_Supplied data_:
--
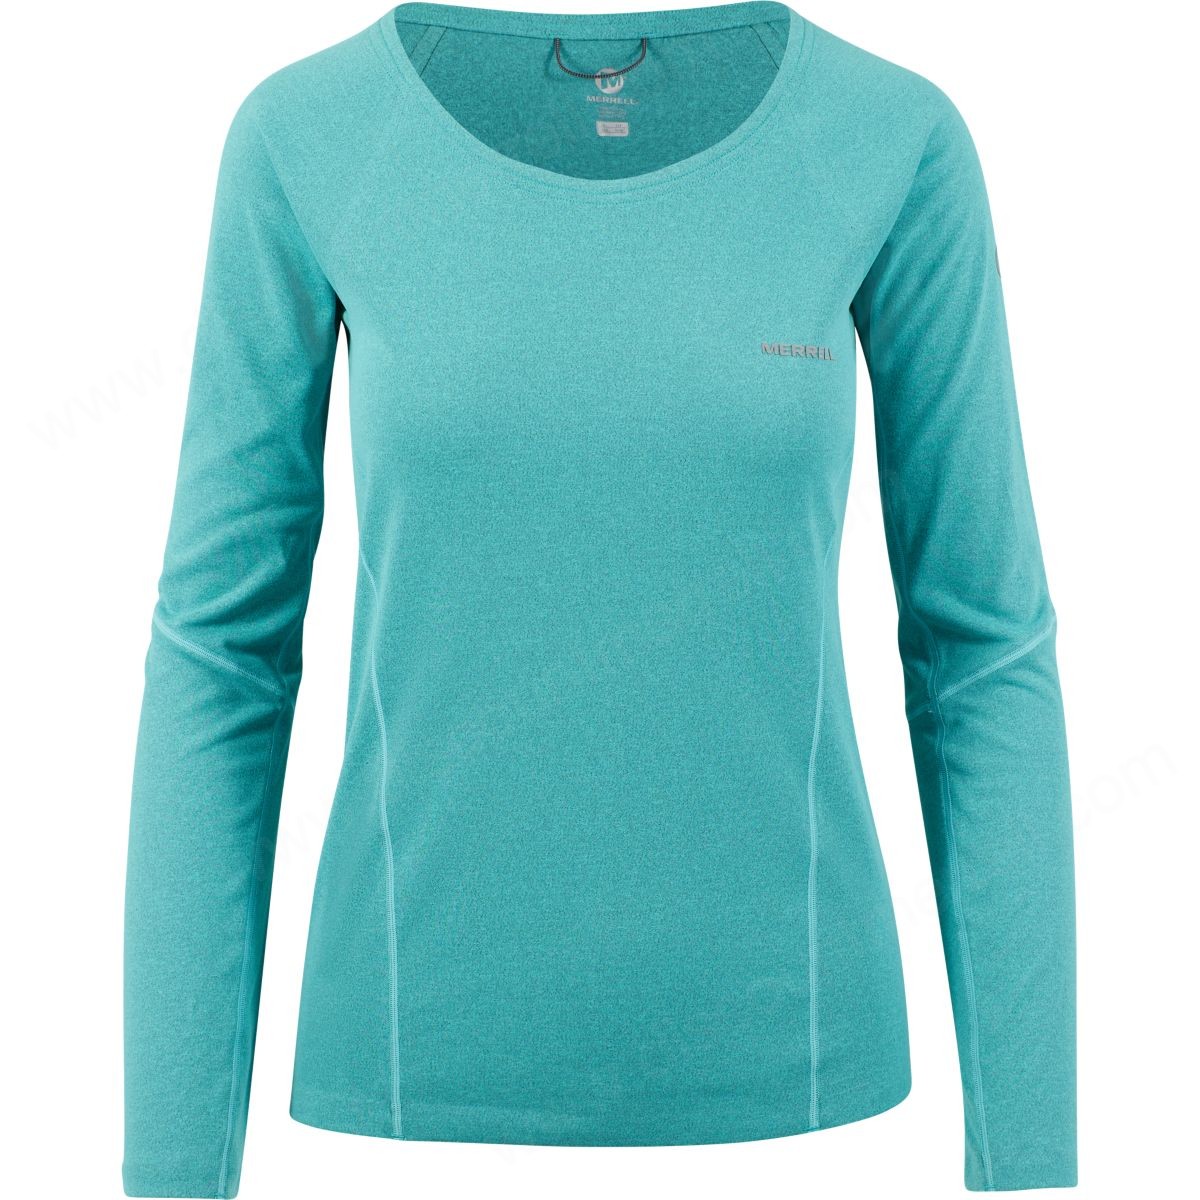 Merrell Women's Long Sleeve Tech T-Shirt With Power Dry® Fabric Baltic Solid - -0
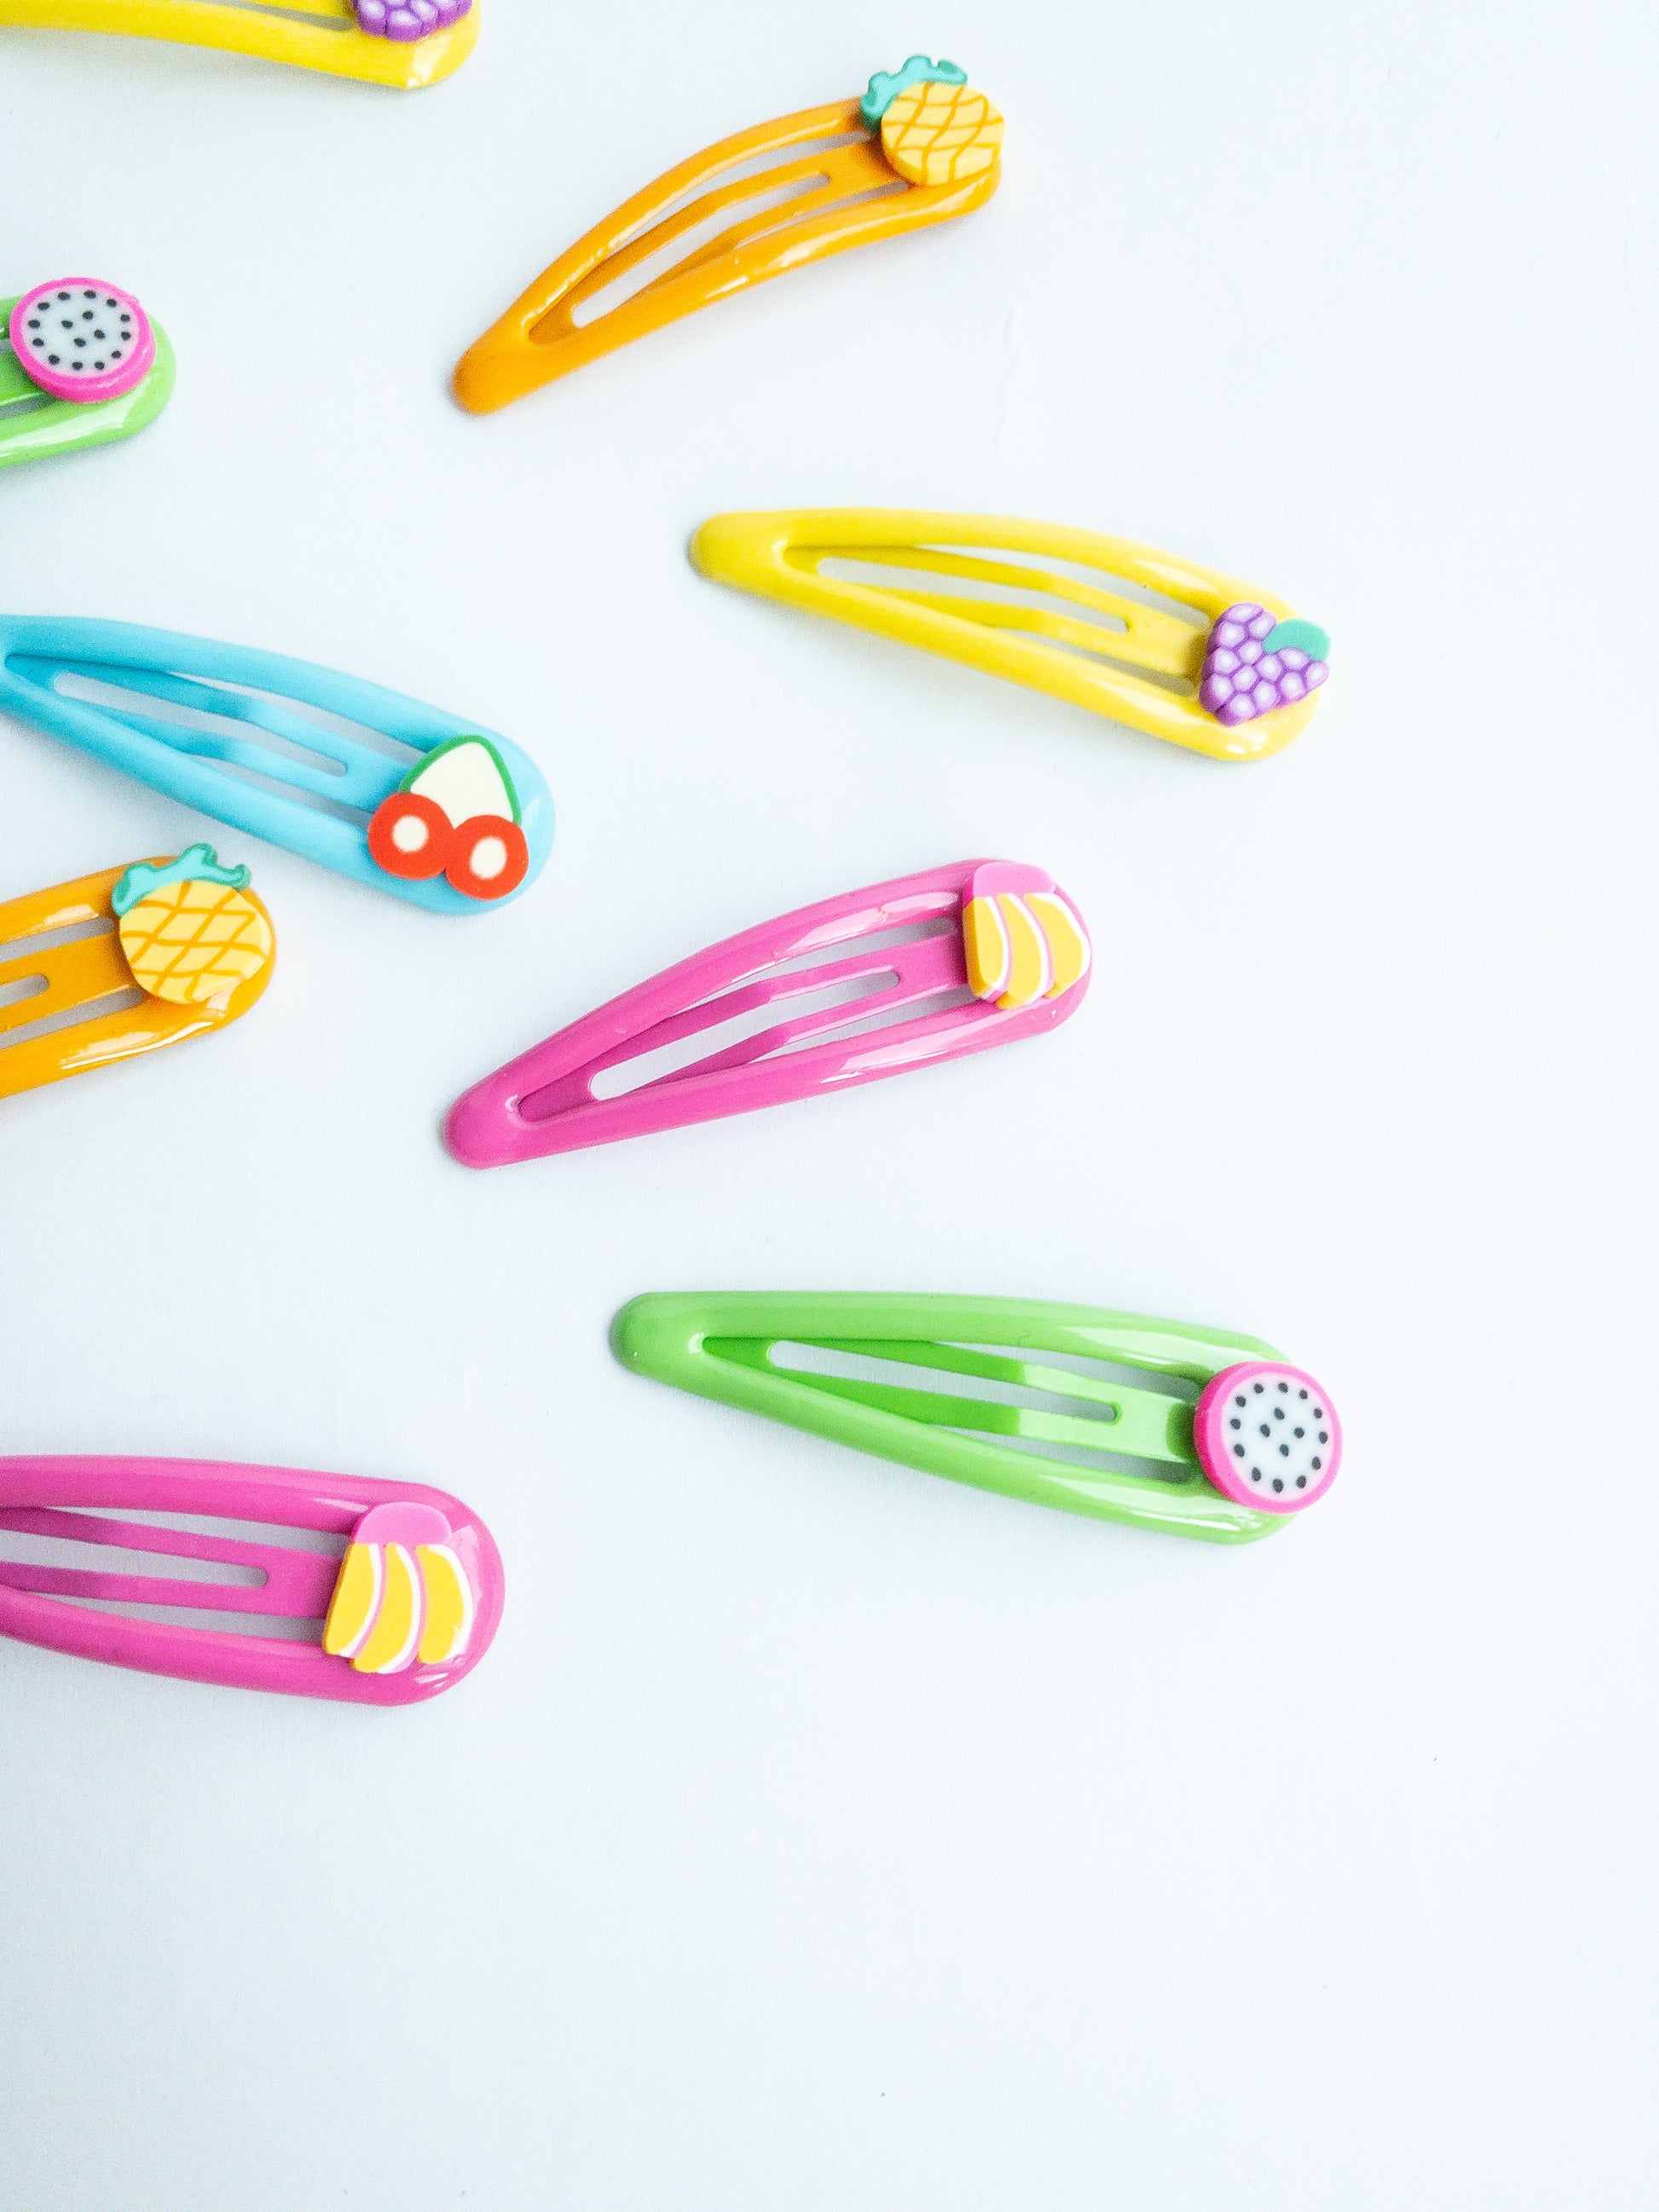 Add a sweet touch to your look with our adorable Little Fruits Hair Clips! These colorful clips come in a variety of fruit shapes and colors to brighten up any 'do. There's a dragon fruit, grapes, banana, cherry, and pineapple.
--
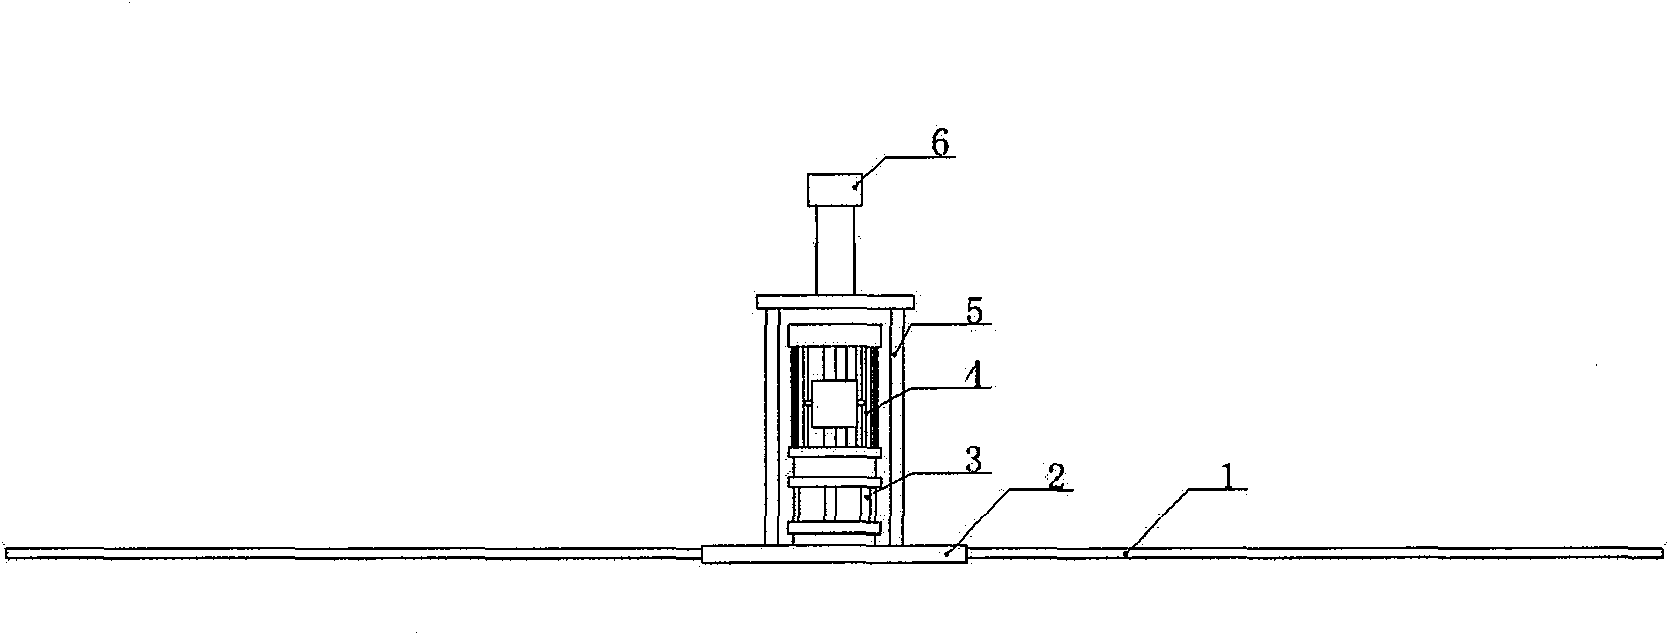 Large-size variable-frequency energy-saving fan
--
_Exercise instructions_:
Write down exactly what the lines above say, from the line holding "Merrell Women's Long" through the line holding "Add a sweet", and nothing more. Do not copy the pictures.

_Written solution_:
 Merrell Women's Long Sleeve Tech T-Shirt With Power Dry® Fabric Baltic Solid - -0
 Add a sweet touch to your look with our adorable Little Fruits Hair Clips! These colorful clips come in a variety of fruit shapes and colors to brighten up any 'do. There's a dragon fruit, grapes, banana, cherry, and pineapple.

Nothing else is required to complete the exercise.